Before you accuse me of being lazy because I favour the four-day work week, imagine what it would be like to have a three-day weekend. The additional day could be spent for volunteeri­sm activities and social work, and the other two days for spiritual pursuit as well as family or personal leisure time.

This idea isn’t unusual. British economist John Maynard Keynes once remarked that the biggest economic challenge of the 21st century would be “leisure”, caused by a sea of too much time. He even predicted we’d be working just 15-hour weeks by 2030 (fingers crossed).

In fact, when Henry Ford first proposed a five-day work week in the 1920s, people called him crazy. The industrial revolution meant workers worked round the clock. Ford was reported to have remarked that if people worked 24/7, there’d be no one to buy his cars to go on road trips!

In this Fourth Industrial Revolution, the case for a four-day work week becomes even stronger.

Automation will see productivi­ty continue to rise without human interventi­on. The real challenge lies in how we utilise free time to help, care for, teach and support each other.

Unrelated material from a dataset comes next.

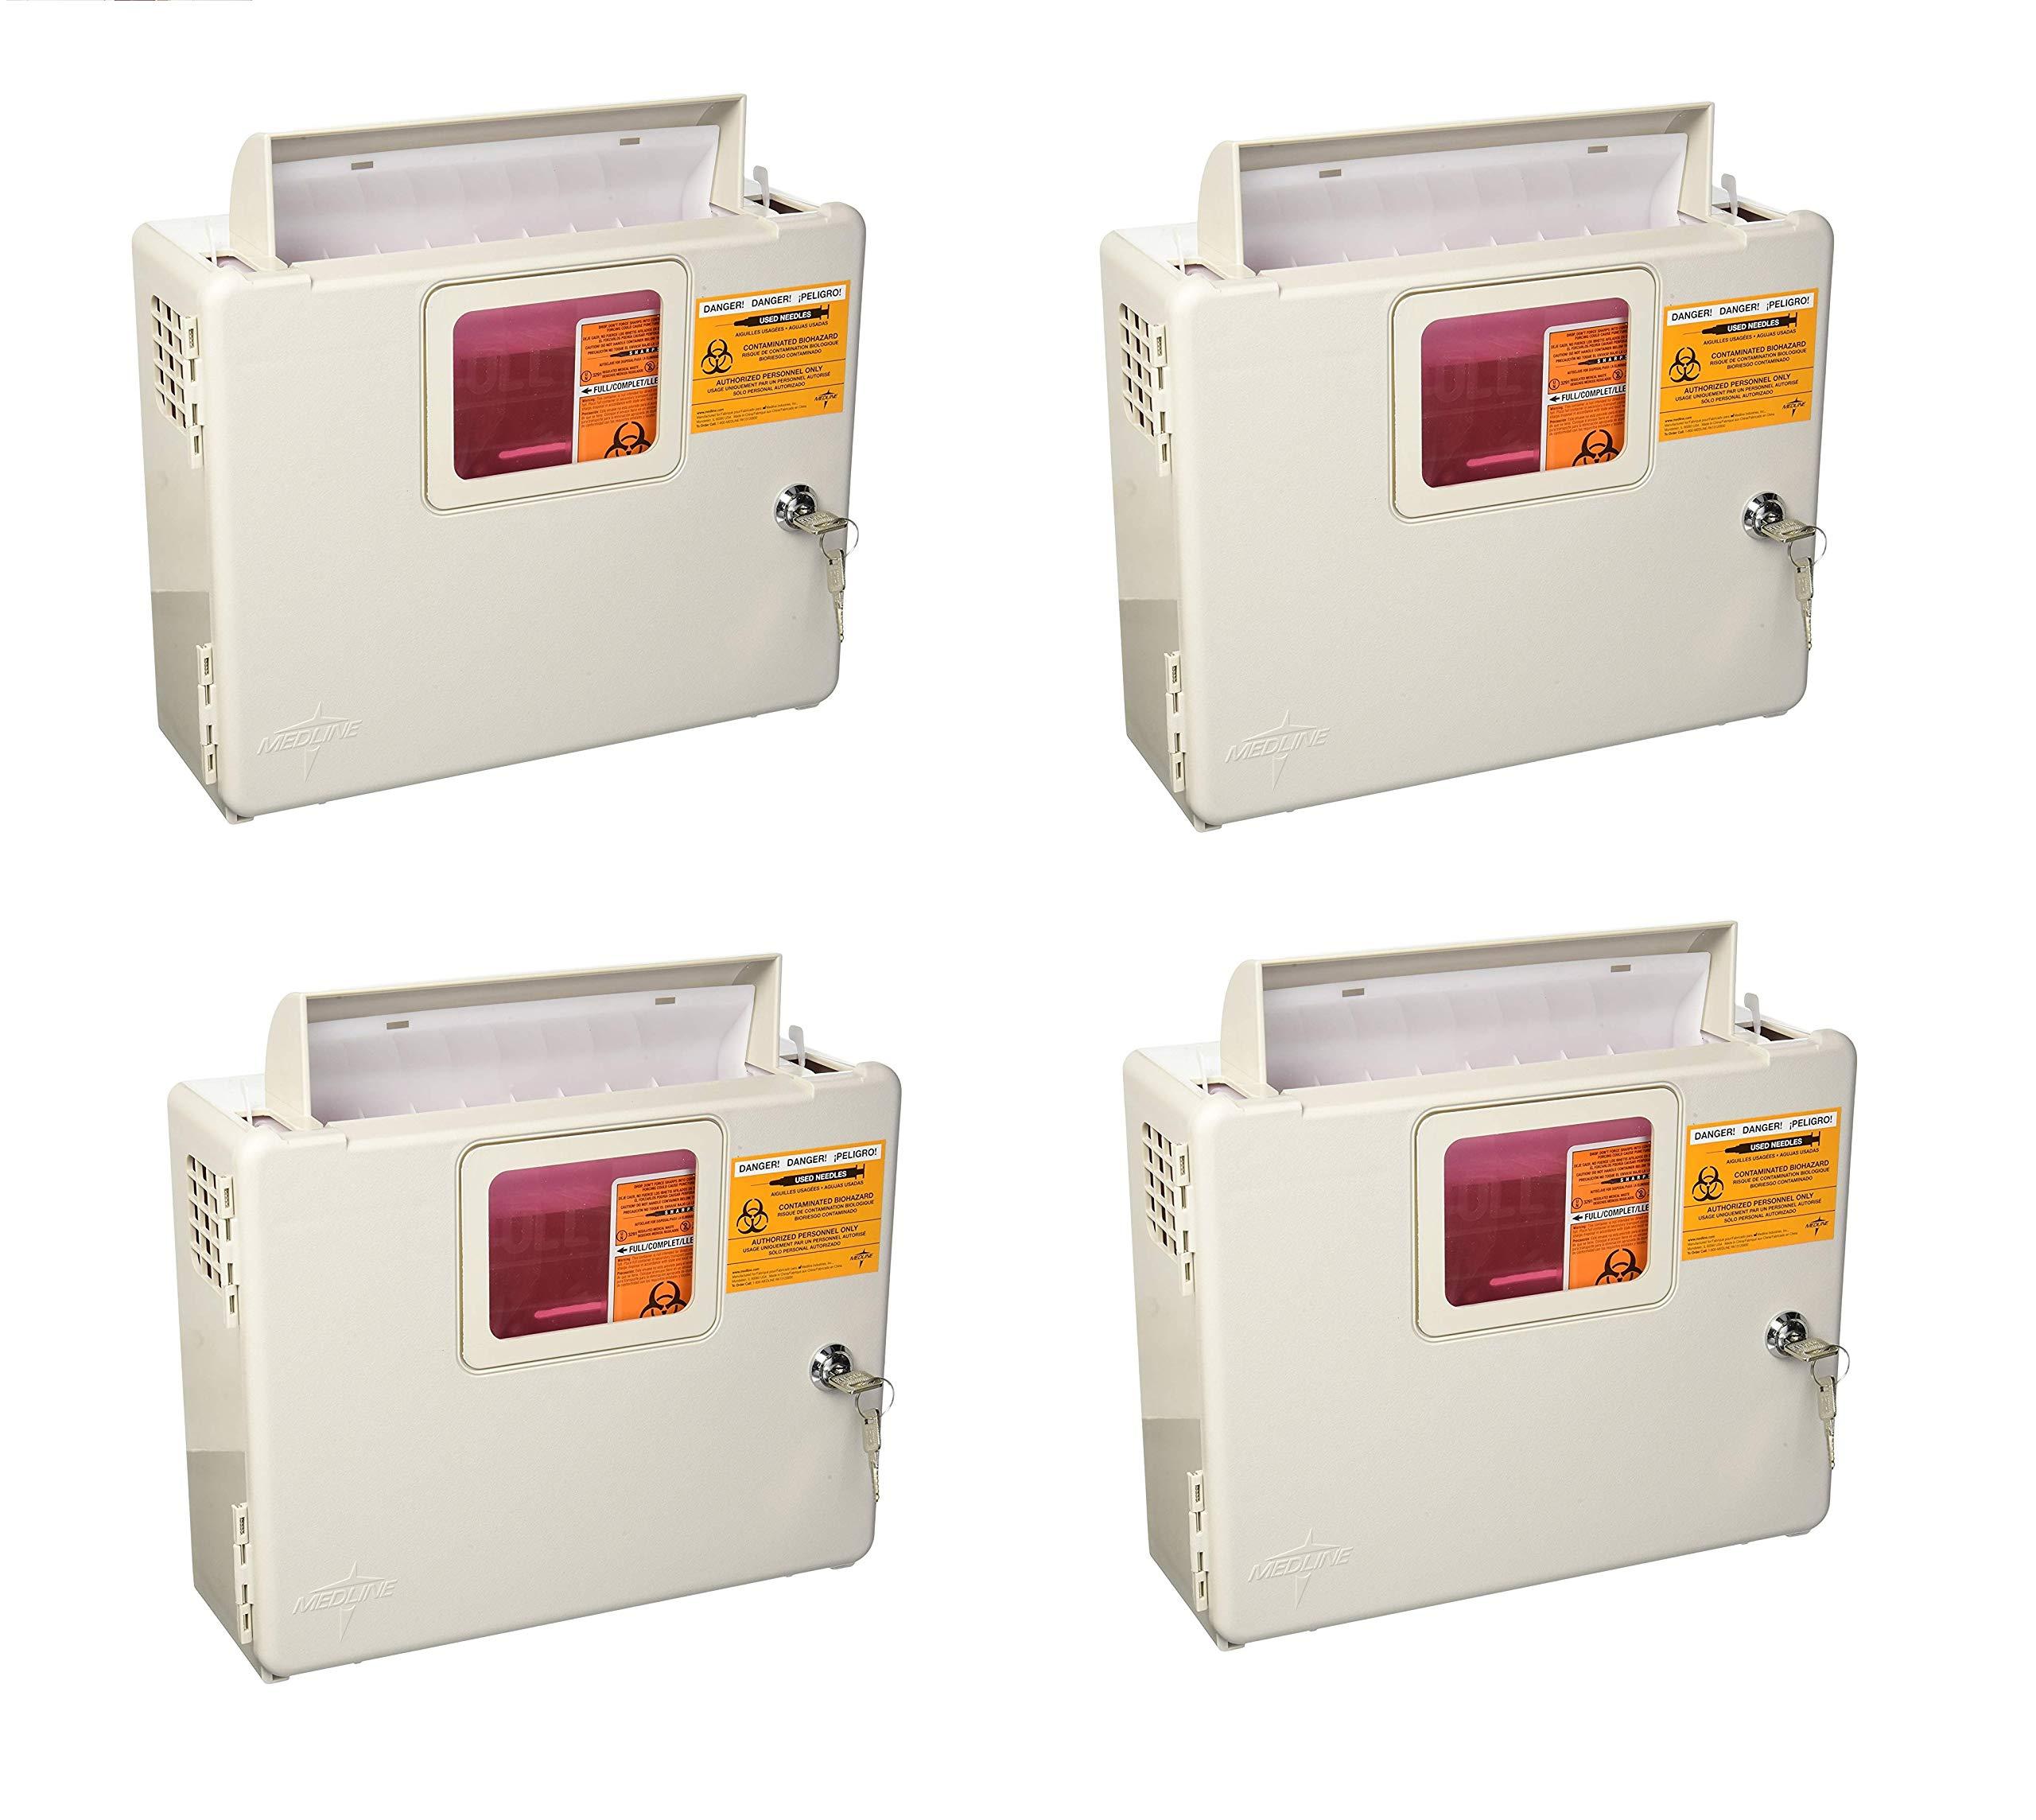 Kendall Wall Cabinet F/5Qt Sharps - Model 85161h (4 Pck)

It has been argued that working less may even lead to lower stress, reduced climate change, lower unemployme­nt, greater women emancipati­on, less inequality and more care for an ageing population.

While none of the political parties’ manifesto speaks of a four-day work week, there are attempts to ease day-to-day life.

Whether it’s UBI or a four-day work week, I do believe these are notions we should strive for in the future. Let us play a role in achieving the policies that work best for us and our future.